■ **PROBLEM TO SOLVE**
In the records below, begin at the line that has "Johann Strauss, hijo" and stop after the line that has "Vegan boy Black Baby Toddler Tshirt 2 years"; quote those lines verbatim and nothing more.

(GIVEN RECORDS begins)

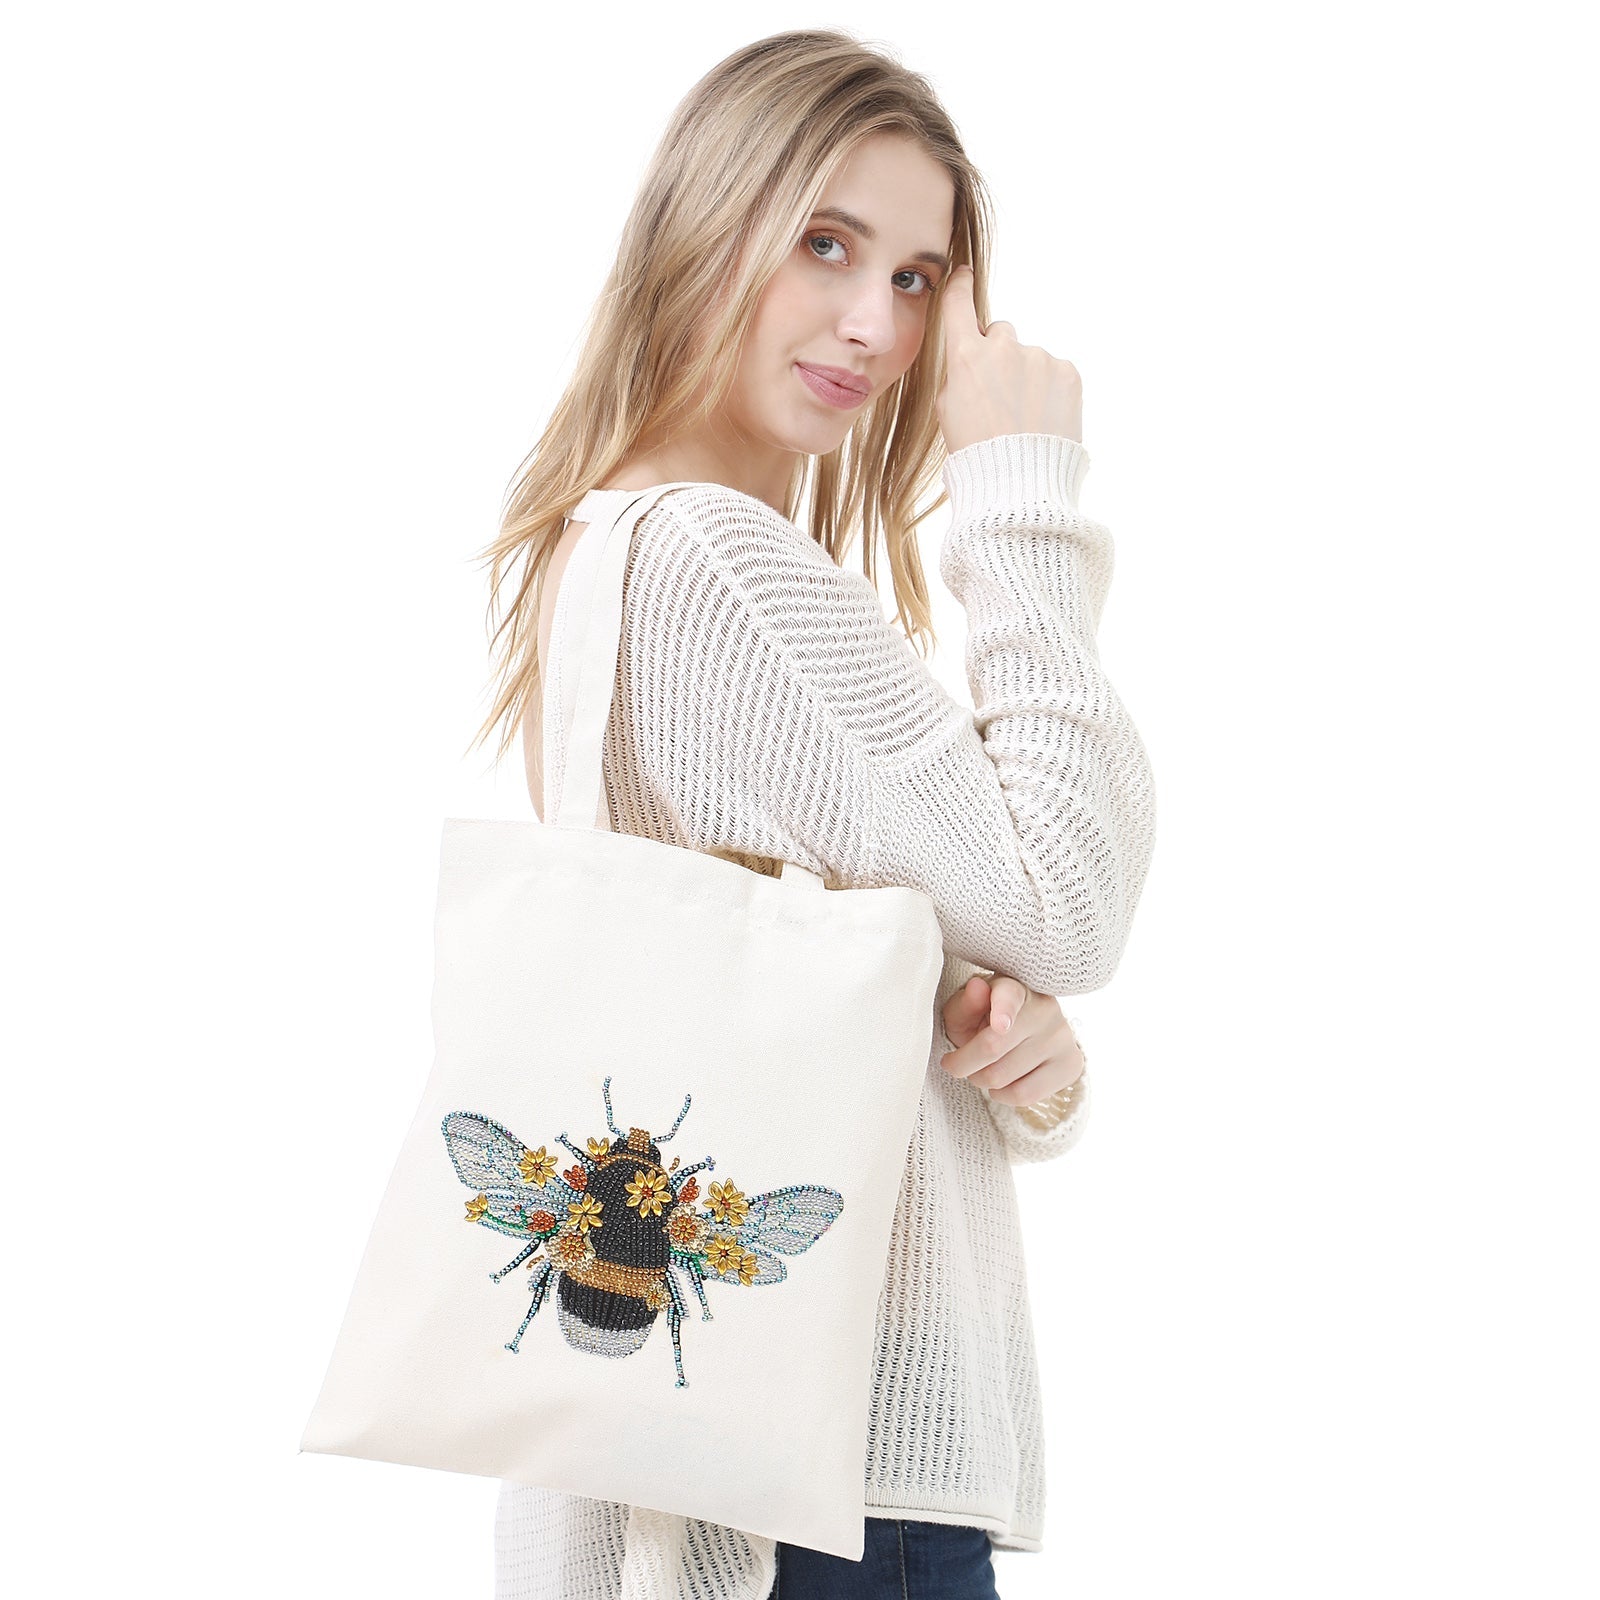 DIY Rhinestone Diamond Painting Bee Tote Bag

(GIVEN RECORDS ends)
(GIVEN RECORDS begins)

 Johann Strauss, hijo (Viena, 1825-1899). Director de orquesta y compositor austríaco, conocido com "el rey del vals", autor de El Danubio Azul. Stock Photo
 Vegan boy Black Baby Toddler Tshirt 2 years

(GIVEN RECORDS ends)
(GIVEN RECORDS begins)

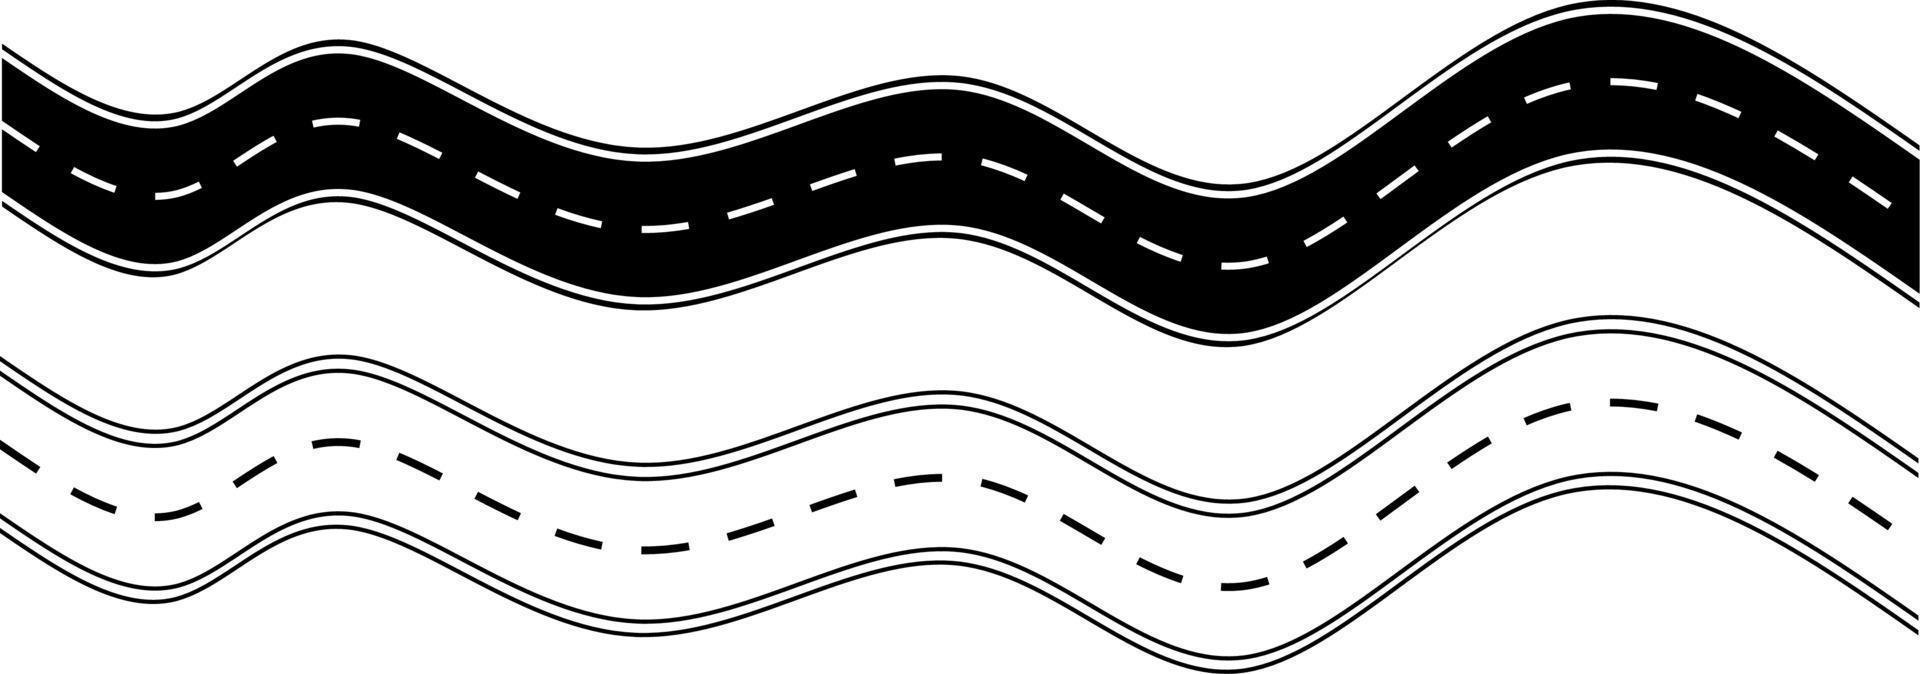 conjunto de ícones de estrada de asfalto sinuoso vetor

(GIVEN RECORDS ends)

■ **SOLUTION TO THIS EXERCISE**
 Johann Strauss, hijo (Viena, 1825-1899). Director de orquesta y compositor austríaco, conocido com "el rey del vals", autor de El Danubio Azul. Stock Photo
 Vegan boy Black Baby Toddler Tshirt 2 years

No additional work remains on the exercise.